Even when compared to movies that have called themselves women-centric, feminist, or empowering, Mardaani 2 comes out ahead by a long shot. Veere Di Wedding, released last year was hailed as a feminist, women-driven film, at least by the creators and cast, but the movies spectacularly failed to deliver. For a movie that tooted its own horn about being revolutionary and feminist, the movie failed the Bechdel Test and had characters that were mere caricatures of female stereotypes, whose life revolved around men or the lack thereof. But Mardaani 2 manages to achieve what most movies hailed as ‘women-centric’ don’t, making it feminist cinema and a pioneer in that regard.

For all its merits, the movie does lack nuance. For instance, a deeply misogynistic subordinate of Mukherjee’s character, who throughout the movie couldn’t stomach having to work under a woman who he believes to be incompetent and incapable as a function of her gender, suddenly does a complete 180 after he hears Mukherjee’s character mention on TV that women live in a far different world than men, something he already knew but thought should be the way of things.

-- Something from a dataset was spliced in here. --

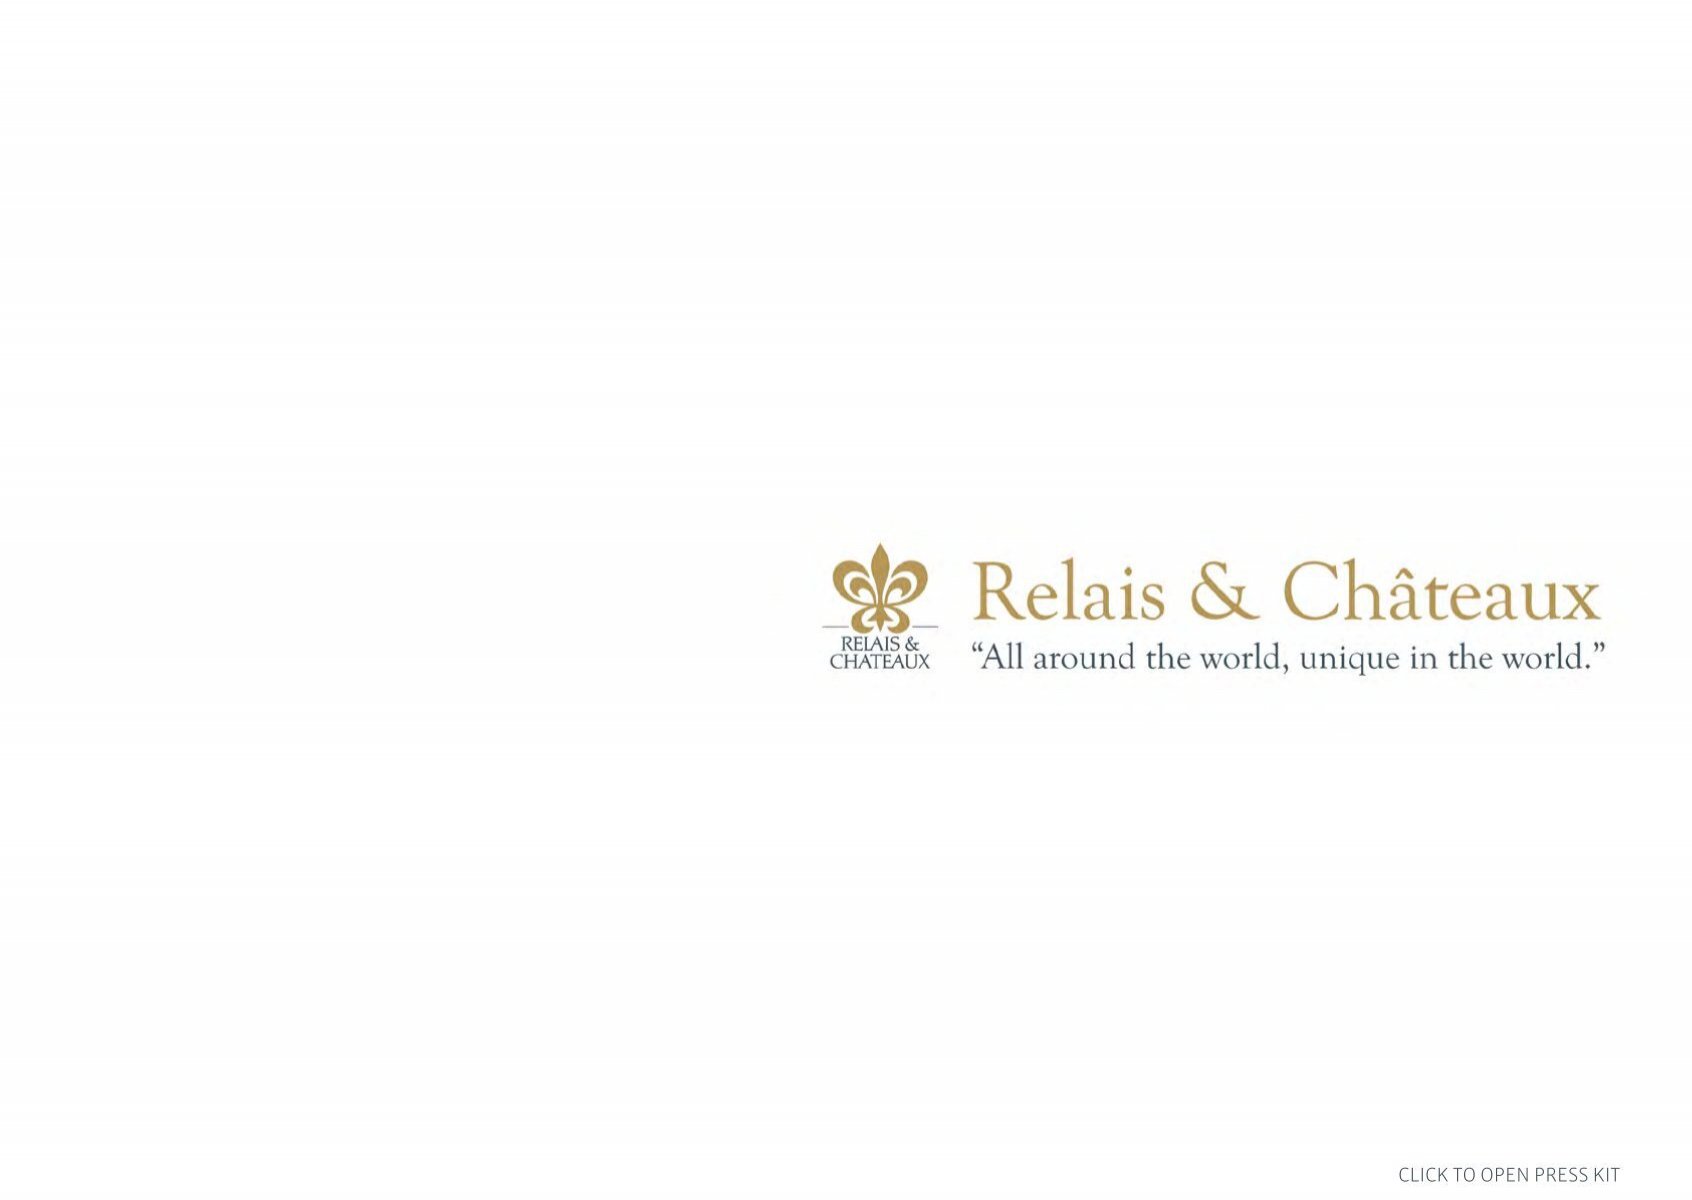 MOET & CHANDON: Relais & Châteaux partner

Also read: Bollywood’s Tryst With Toxic Masculinity

Mardaani 2 does come-off as tone-deaf at times, treating patriarchy as the result of ignorance and not the institutionalised and deeply embedded system of oppression it is, and treats misogyny as something that would simply end if men would walk a mile in women’s shoes.

Mardaani 2 is what movies should look like in 2019. It is a movie with strong female leads who don’t have to justify their claim to space, with women who don’t need saving, and it coerces its viewers to introspect and question our deeply-misogynistic culture that fosters an environment where sexual violence is trivialised, normalised, and condoned. It implores us to see how we, as a people, contribute to sexual violence by either actively participating in rape culture or by being mute spectators to it; it implores us to look at the women we wrong every day.